D’abord les fonctions support classiques

Entre 2010 et 2015, les marchés concernent principalement des fonctions logistiques ou immobilières : nettoyage, voyages, inventaires, diagnostics amiante, schéma directeur immobilier, progiciels RH… L’externalisation touche alors essentiellement des fonctions support classiques. 

À partir du milieu des années 2010, le mouvement change de nature. L’université commence à acheter davantage de prestations liées au pilotage, à la dématérialisation et à la production intellectuelle : plateformes d’enseignement à distance, e-learning, prestations de rédaction de comptes rendus, sondages, outils numériques, certifications linguistiques, etc. Cette évolution accompagne évidemment les transformations générales de l’enseignement supérieur : autonomisation des universités, montée en puissance des appels à projets et numérisation croissante des procédures.

Depuis 2020 : l’externalisation de capacités de pilotage

Mais depuis 2020, un seuil supplémentaire semble avoir été franchi.
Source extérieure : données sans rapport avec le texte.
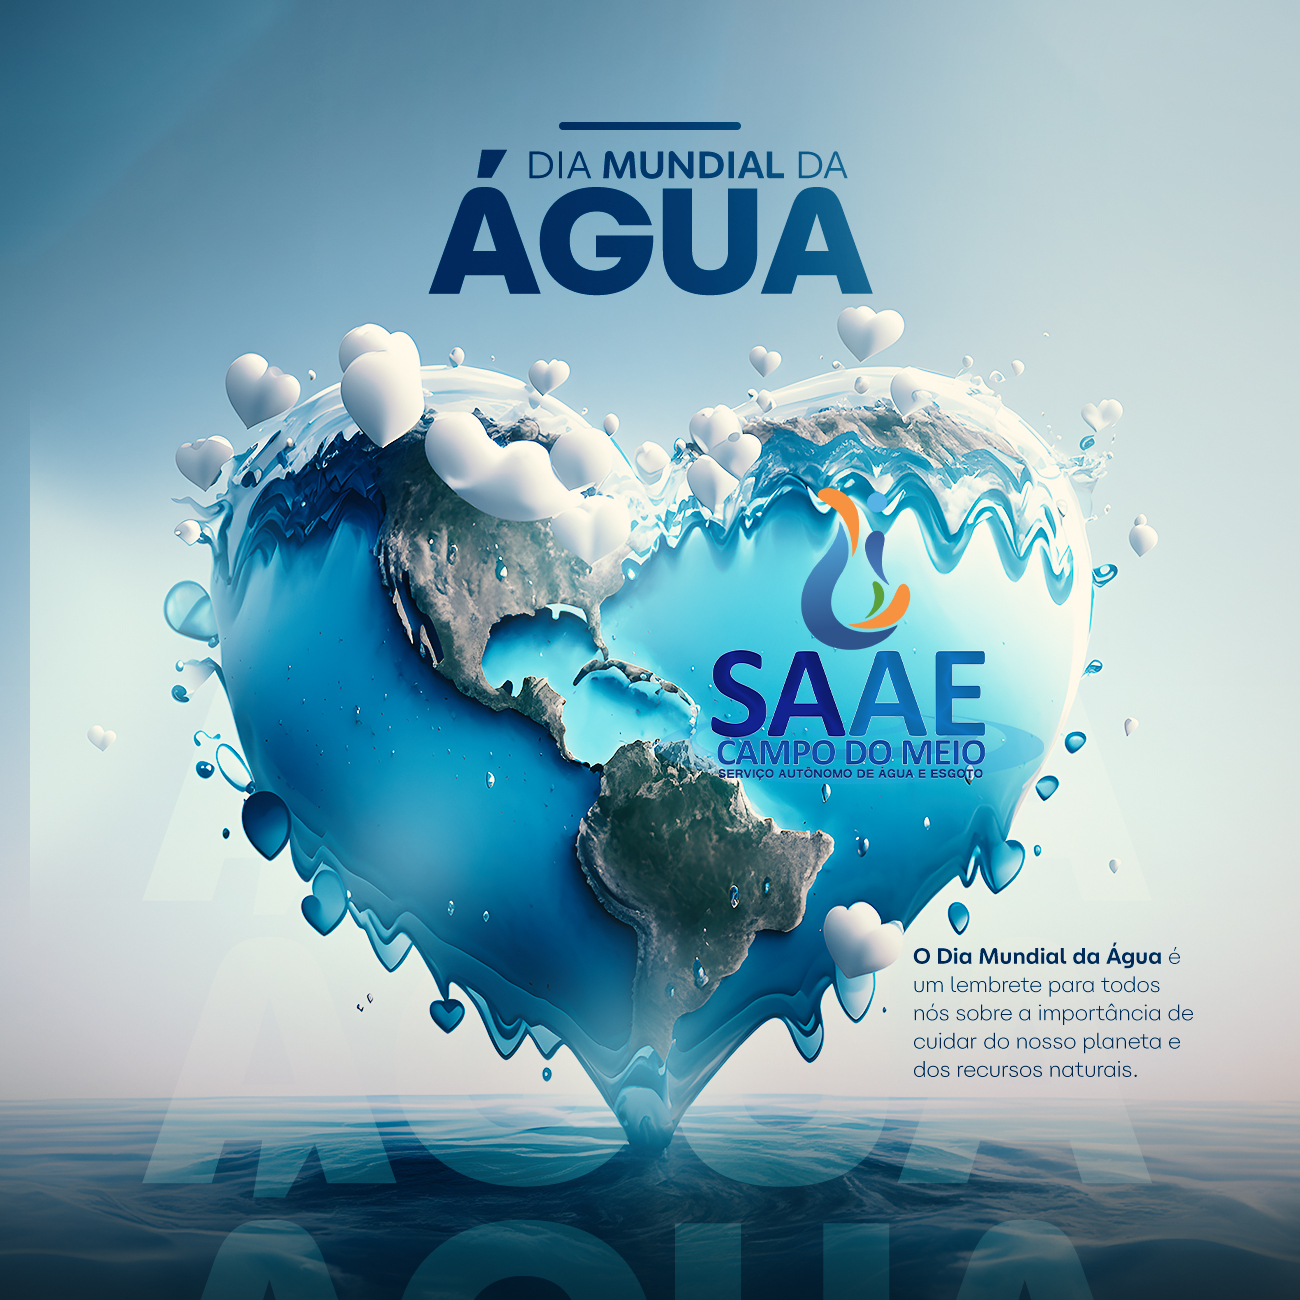 Hoje comemora-se o Dia Mundial da Água

Les marchés d’assistance se multiplient : accompagnement stratégique, assistance financière et comptable, accompagnement managérial, stratégie média, communication de crise, cartographie des compétences, maintenance web, outils de gestion de l’offre de formation, prestations TIC, vote électronique, soft skills, etc. 

Le point le plus révélateur est sans doute la répétition des marchés d’assistance fonctionnelle comptable et financière. Elle suggère une difficulté durable à stabiliser en interne certaines fonctions essentielles de gestion. Autrement dit, l’UPEC ne semble plus seulement acheter des prestations ponctuelles : elle achète de plus en plus sur le marché des capacités d’organisation, de pilotage et parfois même de légitimation institutionnelle. Sur ce dernier point, le cas du e-magazine de l’université — près de 400 000 € de prestations externes — est emblématique de cette évolution. 
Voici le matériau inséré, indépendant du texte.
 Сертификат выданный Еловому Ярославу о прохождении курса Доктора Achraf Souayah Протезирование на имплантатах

Une université qui fonctionne de plus en plus en mode projet permanent ?

Ce tableau dessine aujourd’hui une université qui semble dépendre de plus en plus de prestataires pour des besoins pourtant récurrents ou centraux : finances, management, formation interne, outils de pilotage, ... 
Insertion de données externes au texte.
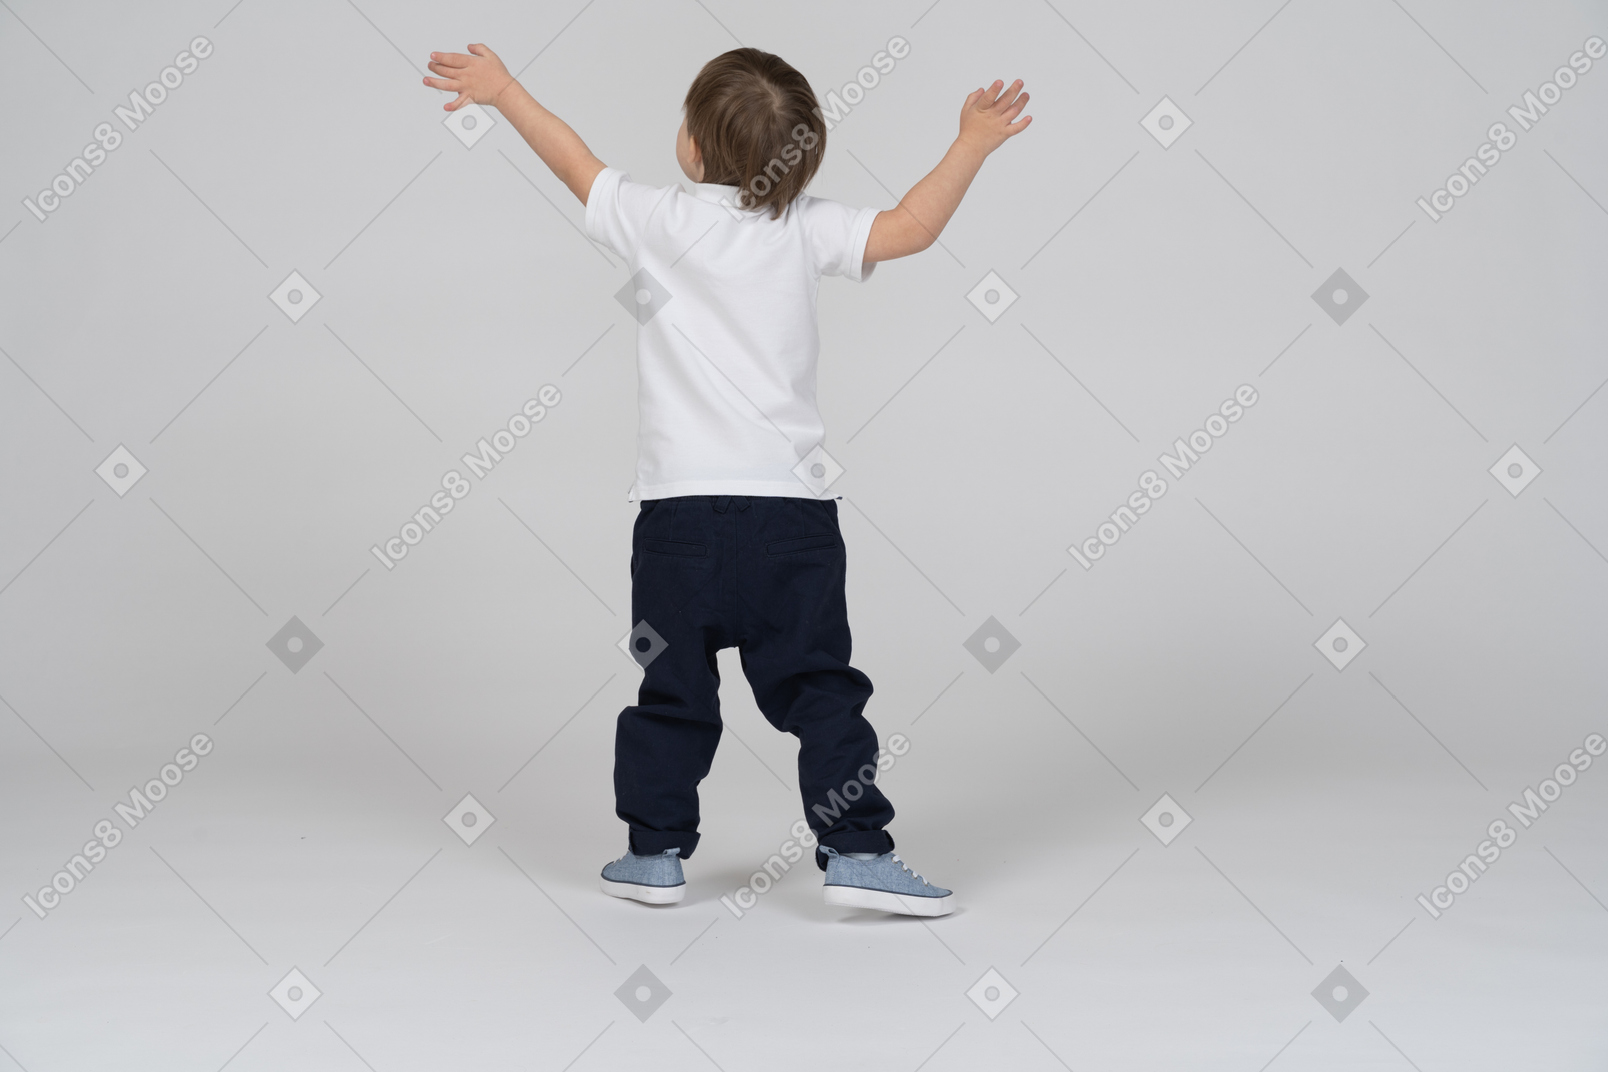 Vista traseira de um menino de pé com os braços levantados

Ce qu’on peut raisonnablement conclure de la lecture du Bulletin officiel des annonces de marchés publics est assez clair :

  1. certaines compétences ne sont plus stabilisées en interne ;
  2. les services administratifs apparaissent durablement surchargés ;
  3. des besoins permanents sont de plus en plus traités par marchés publics plutôt que par emplois pérennes (ni même par des emplois contractuels...) ;
  4. l’université devient dépendante de cabinets et de prestataires pour conduire ses propres transformations internes. 

Cette analyse rejoint d’ailleurs, dans un langage plus technocratique, les observations formulées par la Cour des comptes dans son rapport de 2023 sur l’UPEC, qui évoquait déjà des fragilités de pilotage et de gestion, une forte sous-exécution budgétaire ou encore des composantes amenées à gérer certaines dépenses sans disposer des compétences adéquates. 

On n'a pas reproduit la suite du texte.